Solving Rush Hour with Solidity (1)

Jenson — Tue, 26 Mar 2024 19:48:19 +0000

Solidity, the popular smart contract programming language for Ethereum, is usually associated with complex financial applications and dApps. But what if we used its logical capabilities for something lighter – a fun puzzle game? In this post, we'll explore how to build a basic Rush Hour puzzle solver using Solidity.

Rush Hour Puzzle

Rush Hour is a sliding block puzzle invented by Nob Yoshigahara in the 1970s. It was first sold in the United States in 1996. It is now being manufactured by ThinkFun (formerly Binary Arts).
https://www.wikiwand.com/en/Rush_Hour_(puzzle)

Let's get it work

Here is the logic optimization board that I draw. Not sure if you can understand it but anyways...
Logic Board

Encoding the park Map

One approach is to represent the entire playing field as a single uint64 which stores as 8 bytes. Each bit in the uint64 can signify a space on the grid. A value of 1 indicates a blocked space (like a fence), and 0 represents an open space (like a parking spot).

 0 0 0 0 0 0 0 0
 0 1 1 1 1 1 1 0
 0 1 1 1 1 1 1 0
 0 1 1 1 1 1 1 0
 0 1 1 1 1 1 1 0
 0 1 1 1 1 1 1 0
 0 1 1 1 1 1 1 0
 0 0 0 0 0 0 0 0

 1 1 1 1 1 1 1 1
 1 0 0 0 0 0 0 1
 1 0 0 0 0 0 0 1
 1 0 0 0 0 0 0 1
 1 0 0 0 0 0 0 1
 1 0 0 0 0 0 0 1
 1 0 0 0 0 0 0 1
 1 1 1 1 1 1 1 1

Encoding the car

Solidity doesn't have a native data type to directly represent a car with its position and orientation.

Bit Manipulation: We can manipulate specific bits within the uint64 representing the grid to indicate the car's location and size based on its length (e.g., setting bits corresponding to the car's position).

 0 0 0 0 0 0 0 0
 0 0 0 0 0 0 0 0
 0 0 0 0 0 0 0 0
 0 1 1 0 0 0 0 0
 0 0 0 0 0 0 0 0
 0 0 0 0 0 0 0 0
 0 0 0 0 0 0 0 0
 0 0 0 0 0 0 0 0

Here, the car occupying position (2, 0) with a horizontal orientation and length 2 could be represented by setting the bits at positions 36 and 37 in the uint256 representing the grid.

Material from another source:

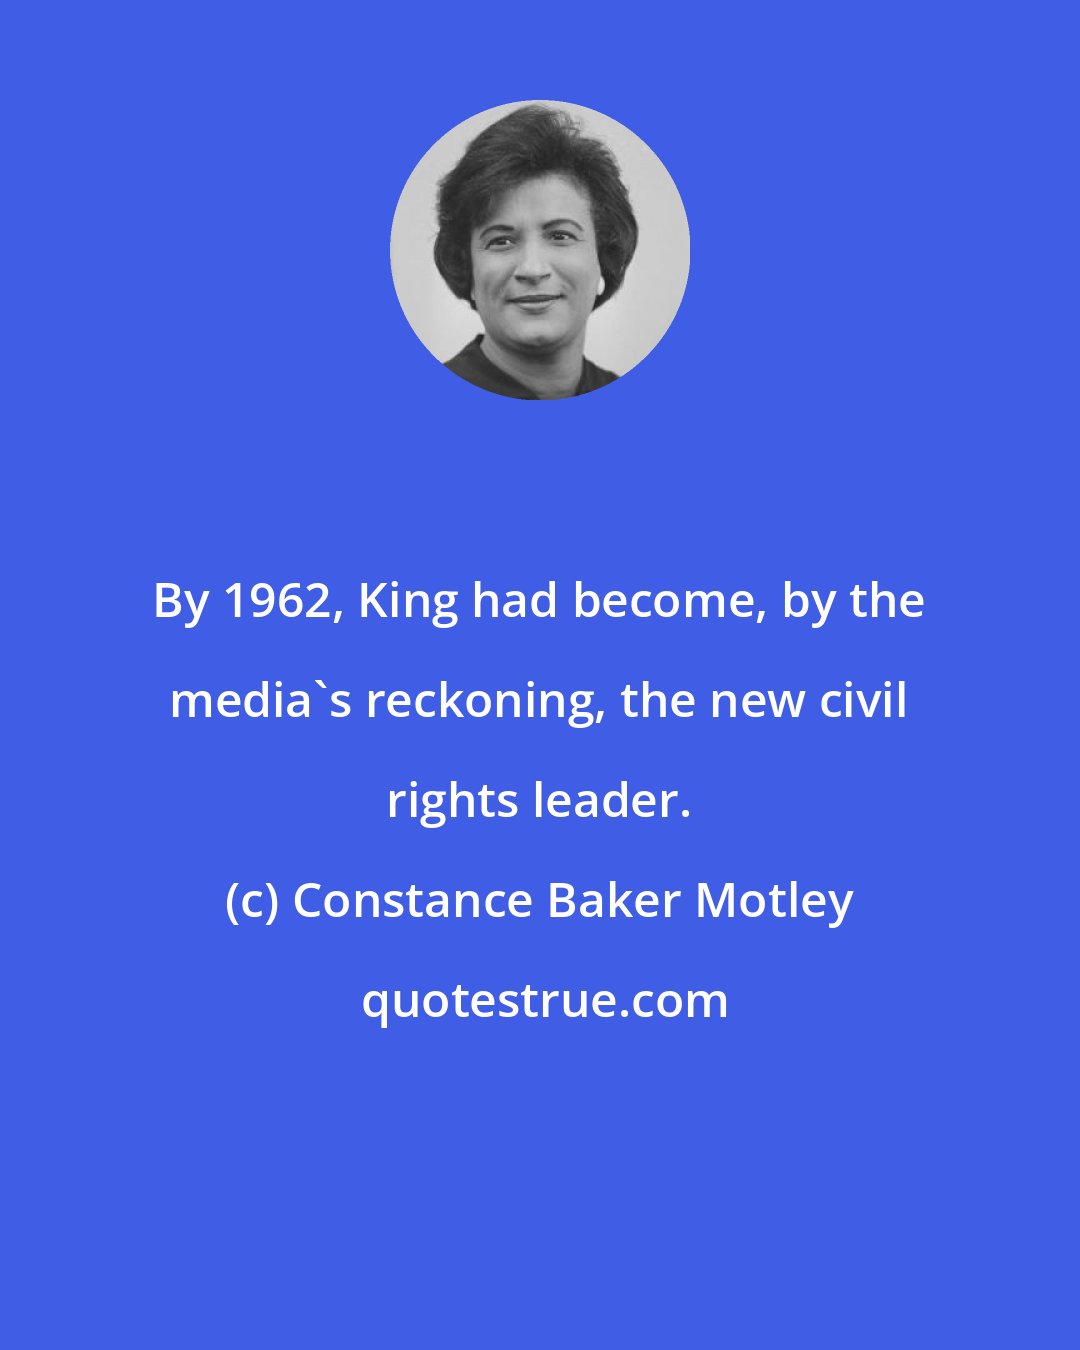 Constance Baker Motley: By 1962, King had become, by the media's reckoning, the new civil rights leader.

This effectively translates to 2^36 + 2^37.

Calculating Next Position

Once we have the direction encoded, we can calculate the car's next position based on its current location and the chosen direction. This involves bit shifting operations within the uint64 representing the grid.

For example:
Moving the car right from position (2, 0) (represented by 2^36 + 2^37) would involve shifting the car's bit representation by one position to the right. This translates to dividing by 2: (2^36 + 2^37) / 2 = 2^35 + 2^36.
Moving the car down eight positions would involve shifting the car's bit representation eight positions to the right. This translates to dividing by 2 raised to the power of 8: (2^36 + 2^37) / 2^8 = 2^28 + 2^29.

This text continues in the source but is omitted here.